Estimation of the variation of the ecological activity of ¹³¹I in the thyroid is described in detail elsewhere (Drozdovitch et al. 2013a). There were three sources of ¹³¹I intake by child:

• Mother’s breast milk for breastfed study subjects;

• Locally produced foodstuffs contaminated with ¹³¹I for a child who was not breastfed; and

• Both, mother’s breast milk and foodstuffs.

Subjects who were breastfed

Among the 656 subjects who were born between 26 April and 30 June 1986, 579 (88.3%) were breastfed. The variation with time of the ¹³¹I intake by the mother was estimated using the ecological model and the answers provided by the mother during the personal interview regarding her food consumptions during breastfeeding. Activity intake of ¹³¹I by infant was estimated using a transfer coefficient of 0.37 d L⁻¹ from mother’s intake to breast milk (Simon et al. 2002) and breast milk consumption rate by infant of 0.8 L d^-1.

Subjects who were not breastfed

If a child was not breastfed, the variation with time of the ¹³¹I intake by the child was estimated using the ecological model and the answers provided by the mother regarding consumptions by the child. The same approach was used for a child who consumed other foodstuffs in addition to breast milk.

The individual postnatal thyroid dose due to ¹³¹I intake to the subject was scaled in the same way as the prenatal dose using the scaling factor that depended on availability of direct thyroid measurement in his or her mother (See Fig. 2).

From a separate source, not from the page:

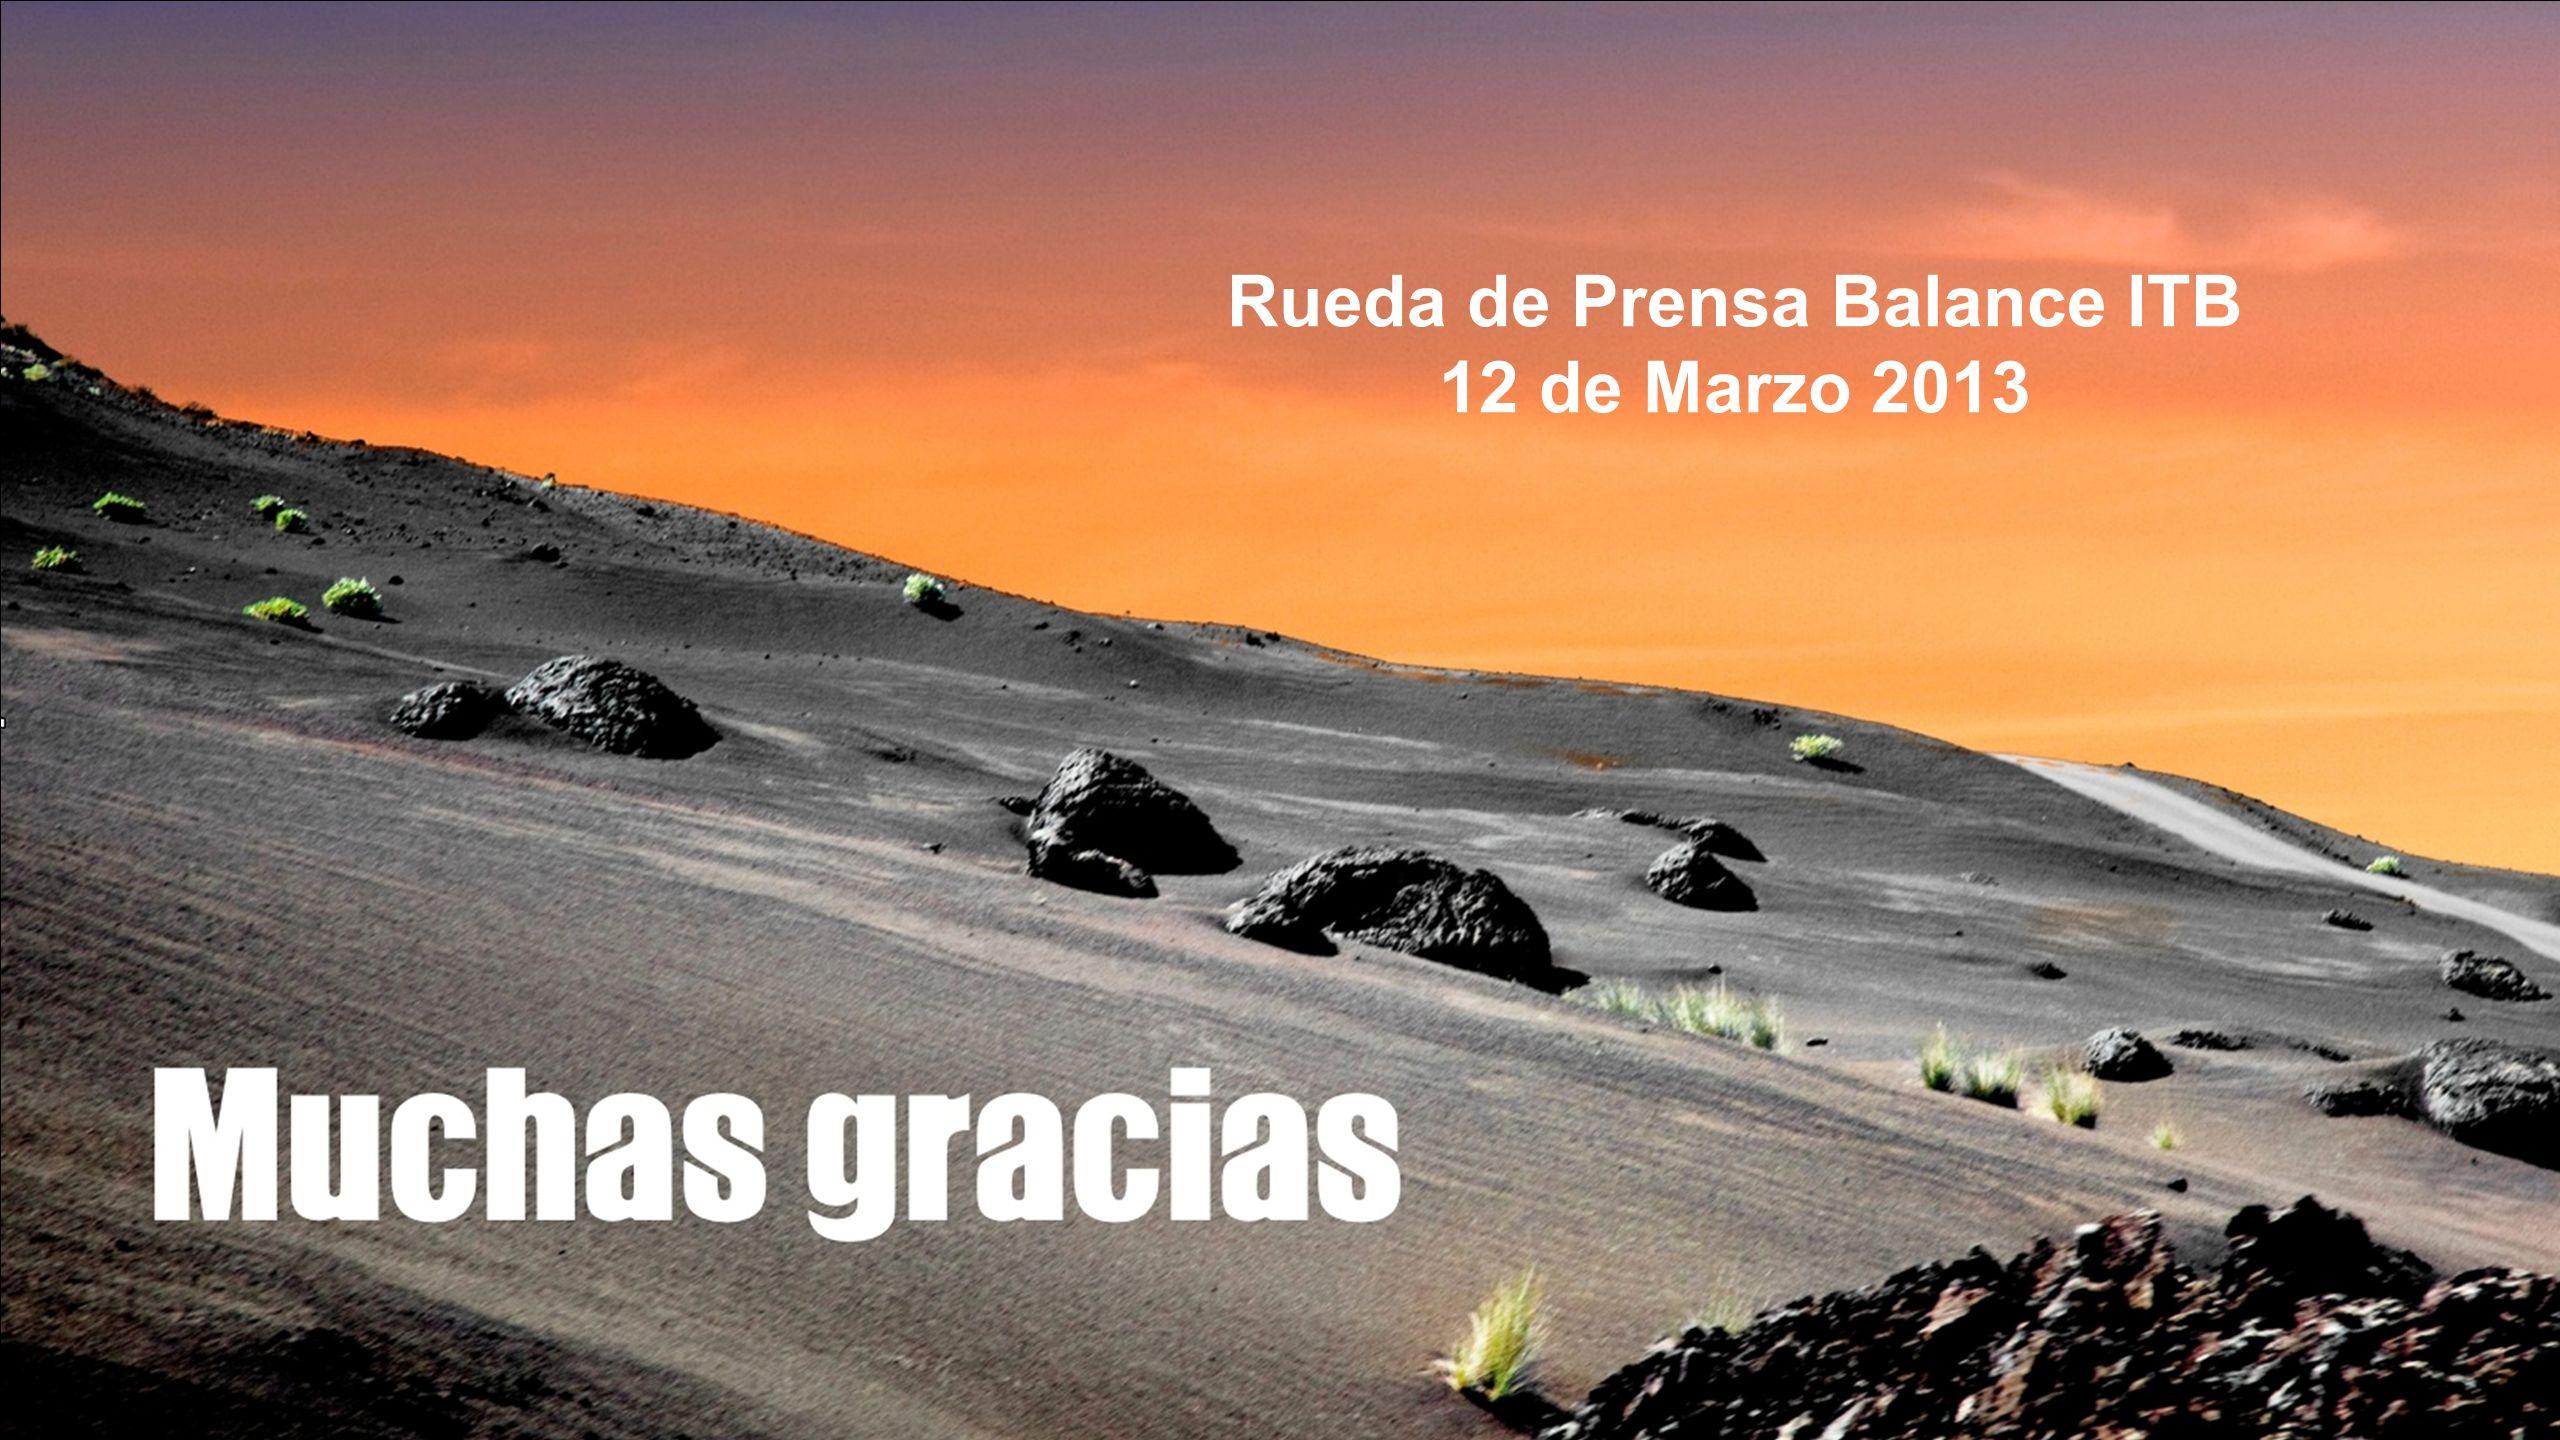 Rueda de Prensa Balance ITB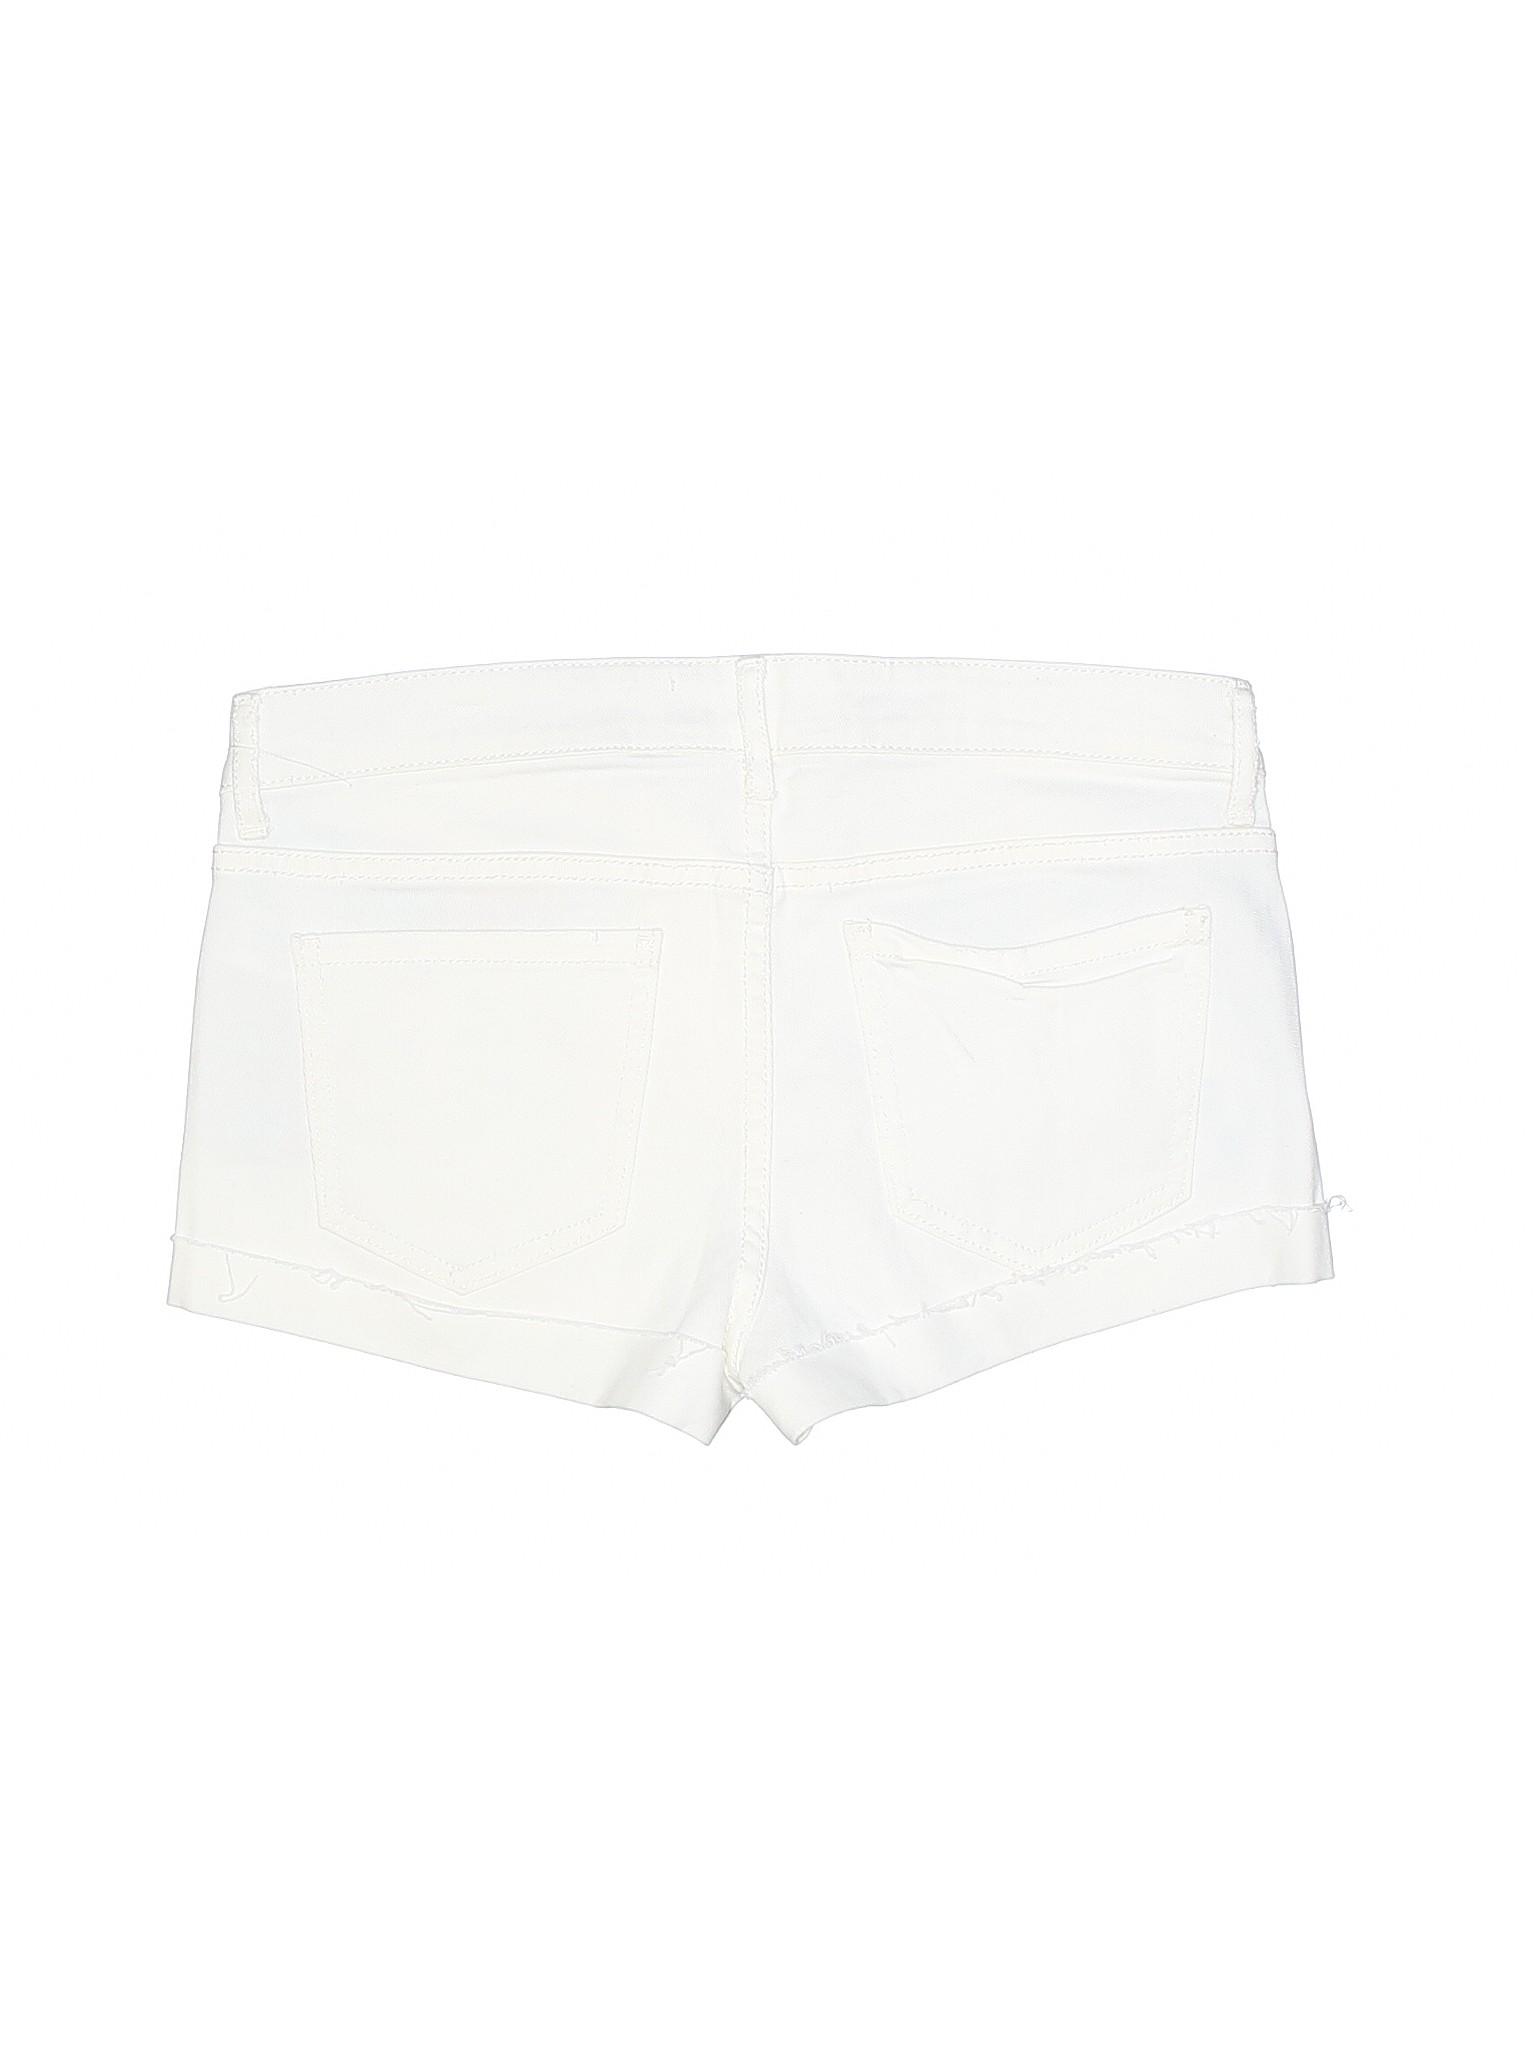 Denim Denim Boutique 21 21 Boutique Forever Shorts Forever UYwHpqSnH

Thyroid doses due to external irradiation and ingestion of cesium isotopes

Our approach to estimating doses from external irradiation was based on the integration of the time-dependent dose rate in air per unit deposition of the radionuclide mix in the area(s) of residence, considering the shielding properties of the residential environment and the behavior of the person in the radiation field (Minenko et al. 2006). To estimate doses to the fetus, this model was adapted considering the data provided in ICPR Publication 116 (ICRP 2010). Information on the radionuclides deposited (Drozdovitch et al. 2013b, Khrushchinskii et al. 2014) in the area(s) of residence served as the basis for calculation of doses from external irradiation.

Exposure from ingestion of caesium isotopes (¹³⁴Cs and ¹³⁷Cs) was assessed using a semi-empirical approach (Minenko et al. 2006) based on the relation between environmental contamination (¹³⁷Cs deposition density and ¹³⁷Cs soil-to-milk transfer) and dose due to cesium ingestion derived from whole-body counter (WBC) measurements of cesium body burden. To reduce the uncertainty in the estimates of individual postnatal dose, results of 521 WBC measurements of ¹³⁷Cs body-burden obtained for 387 cohort members (13.1% of the total) were used. The results of individual WBC measurements for the cohort members were obtained through linkage of their information to a database of 9,605 WBC measurements carried out in 1987−1991 in Gomel and Mogilev Oblasts among children born in 1986−1987. Results of these measurements were used to calibrate model estimates of individual thyroid doses due to ingestion of Cs isotopes. By analogy with scaling factor for thyroid dose due to ¹³¹I intake (equations (2) and (3)), the scaling factor for thyroid dose due to ingestion of Cs isotopes was defined as:

$$S{F}^{Cs-137}=\frac{Q^{WBC,Cs-137,meas}\left(t_m\right)}{Q^{WBC,CS-137,calc}\left(t_m\right)},$$ (7)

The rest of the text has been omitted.